Your task is to return exactly the lines that run from the one containing "Japan SG3468 2006" through the end of the listing below, without any pictures.

_SUPPLIED DATA:_
------------------------------------------------------------

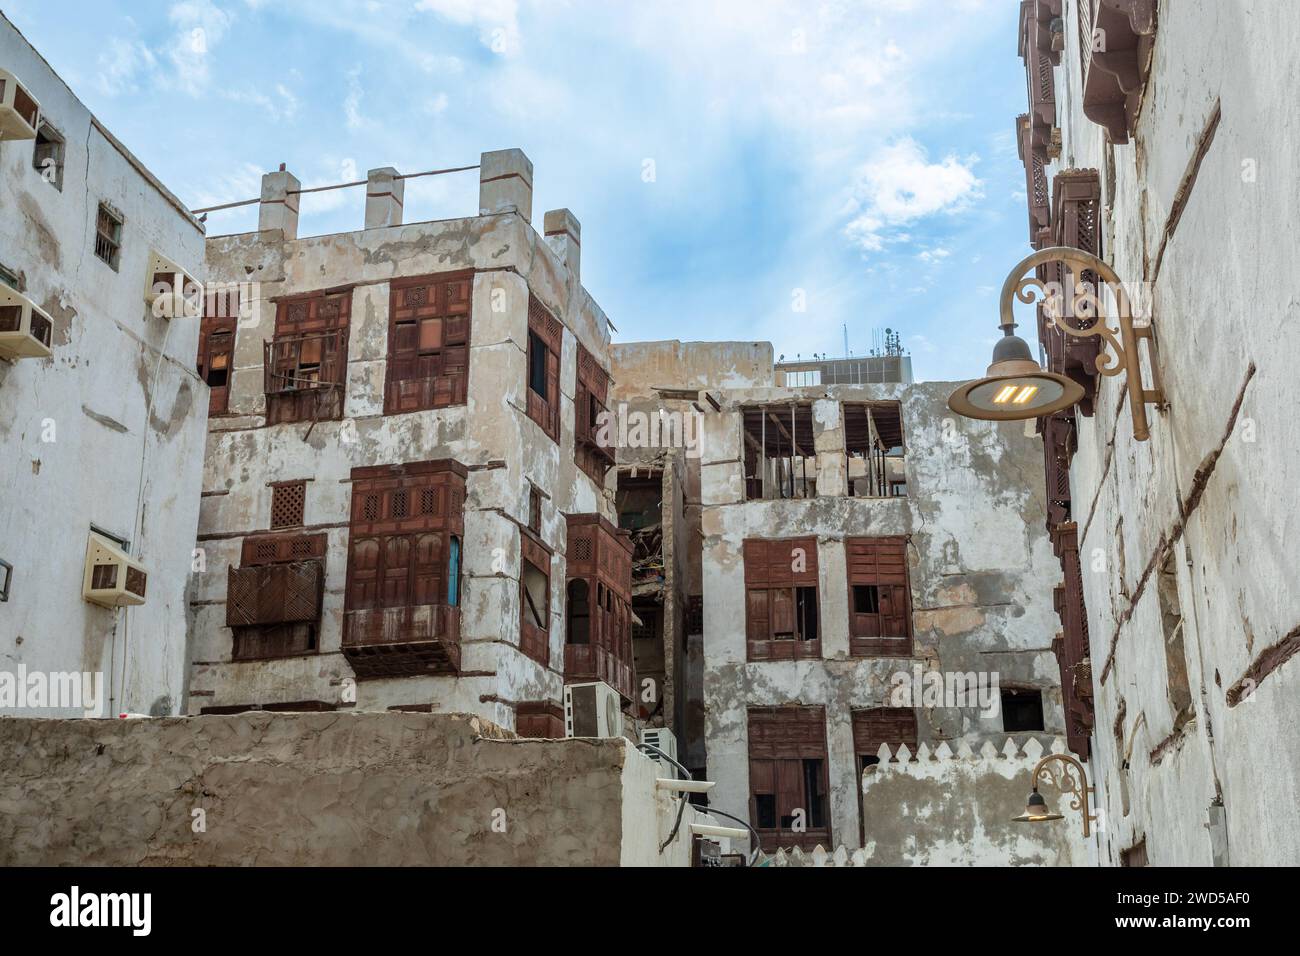 Al-Balad old town with abandoned muslim houses, Jeddah, Saudi Arabia Stock Photo
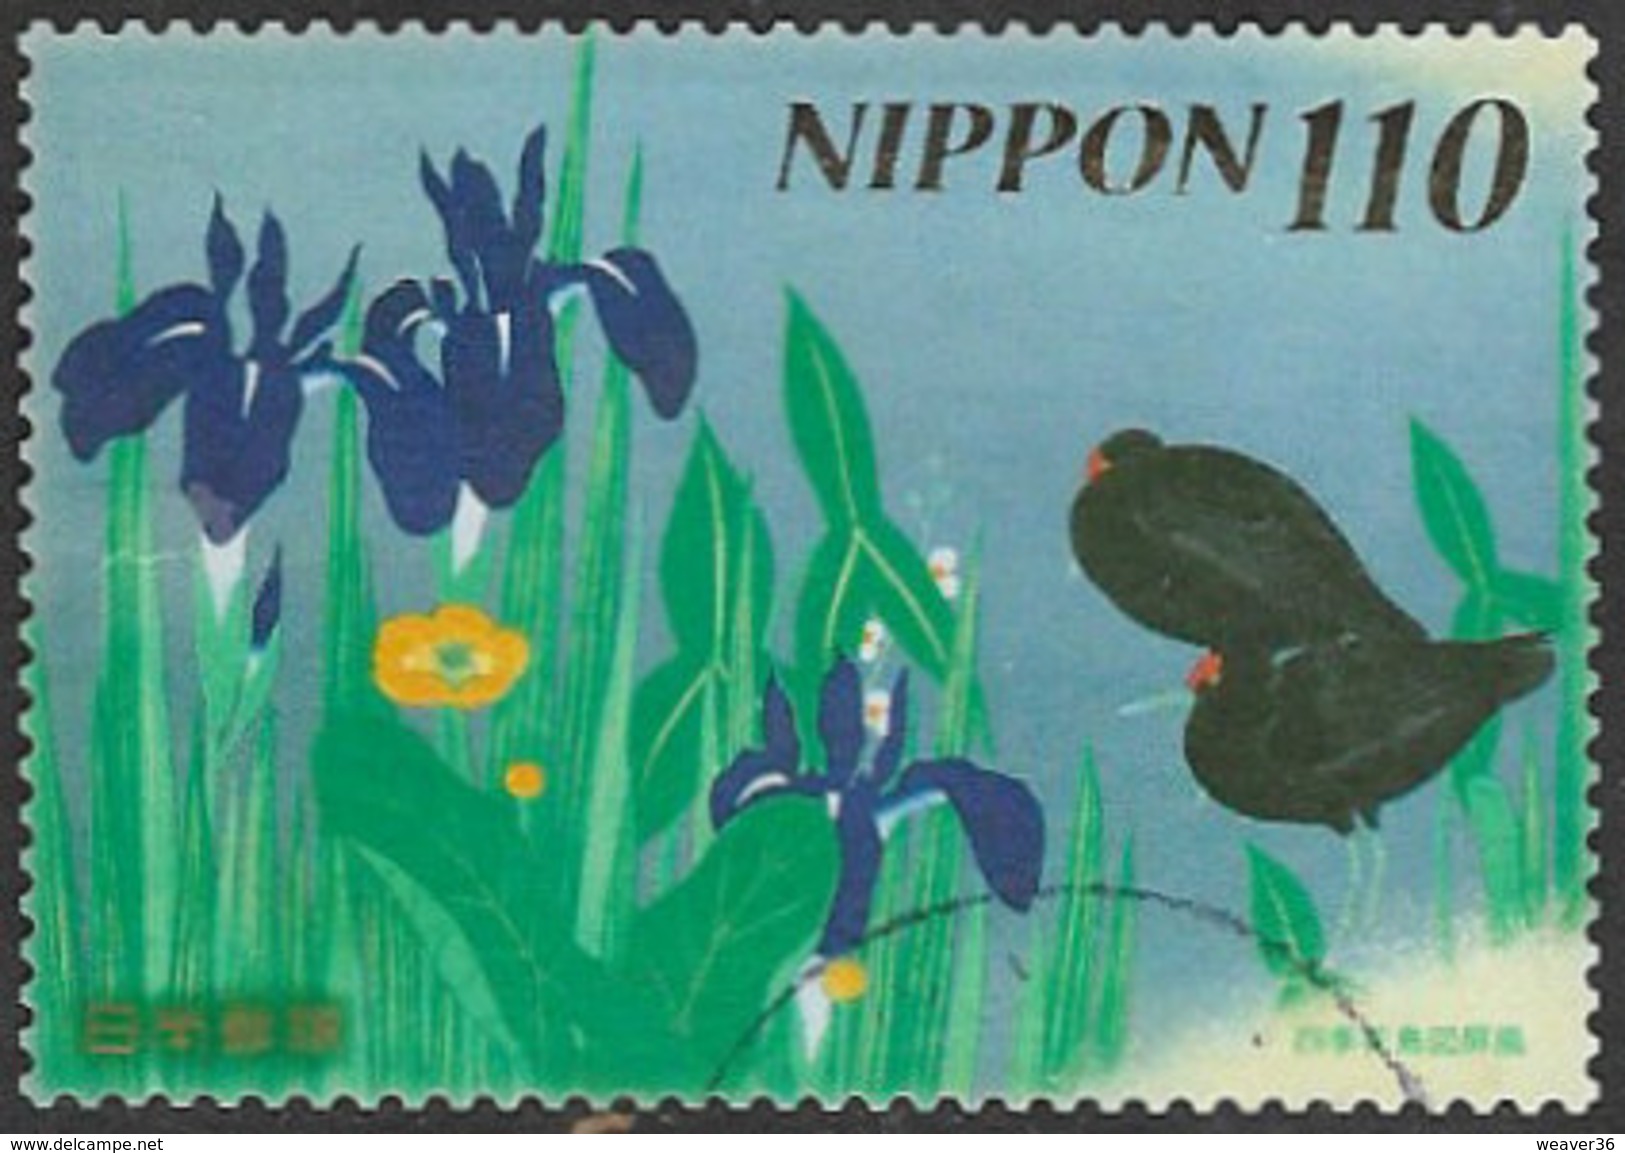 Japan SG3468 2006 Greetings 110y Good/fine Used [33/28475/5D] - Used Stamps
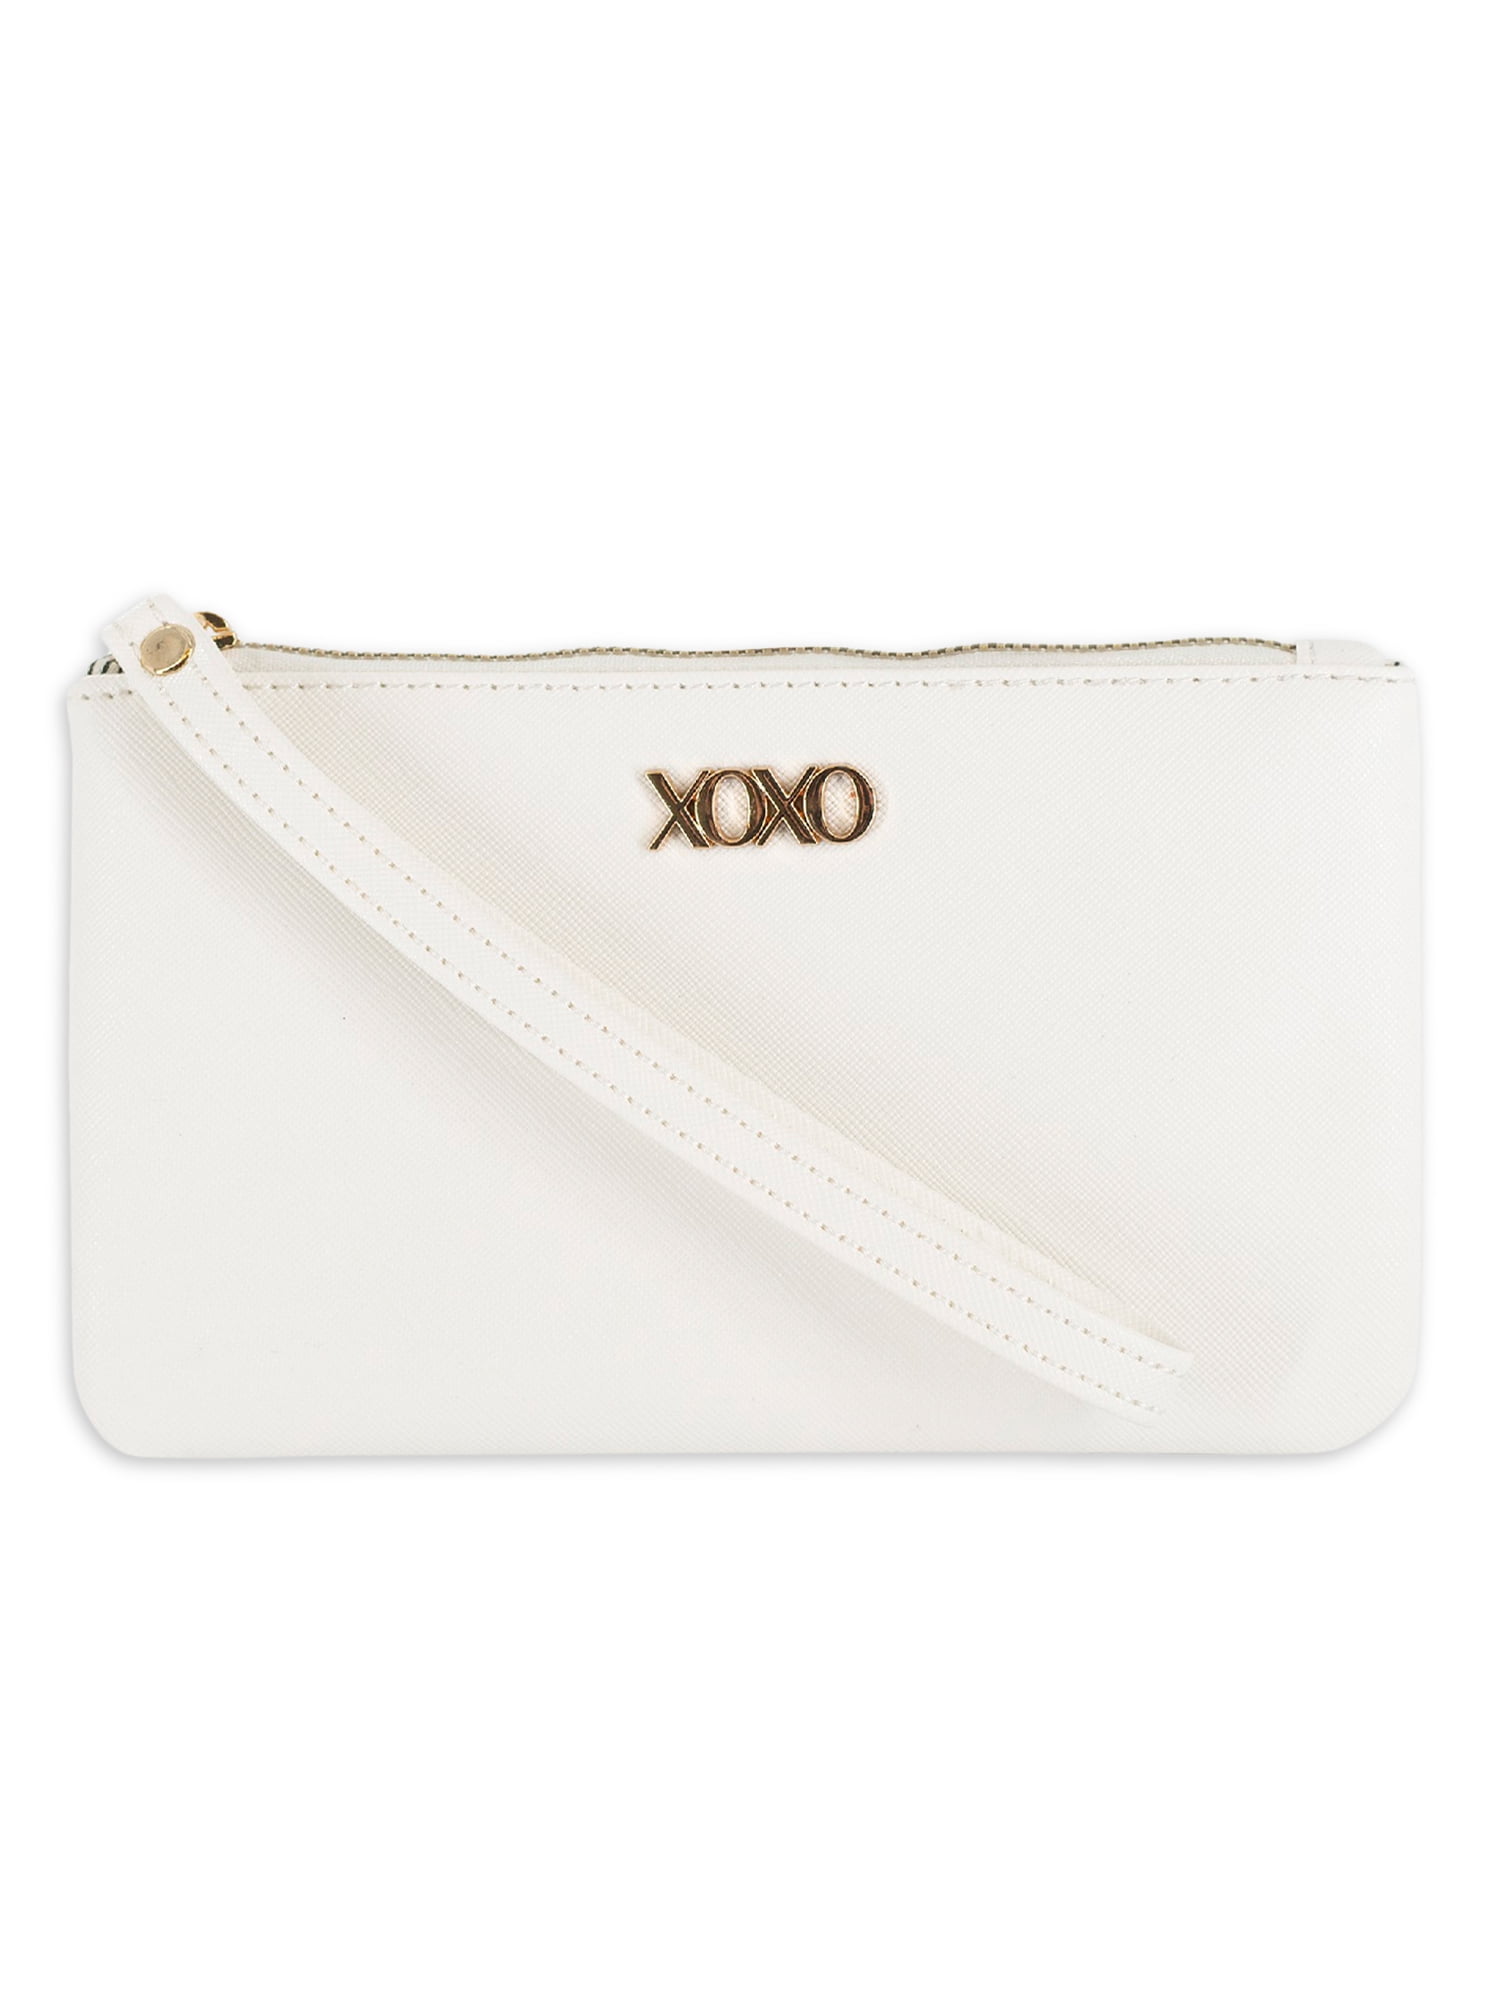 XOXO Women's Large Metallic White Saffiano Leather Solid/Patterned Wristlet  Wallet - Walmart.com

------------------------------------------------------------

_RESPONSE FOR THIS EXERCISE:_
 Japan SG3468 2006 Greetings 110y Good/fine Used [33/28475/5D] - Used Stamps
 XOXO Women's Large Metallic White Saffiano Leather Solid/Patterned Wristlet  Wallet - Walmart.com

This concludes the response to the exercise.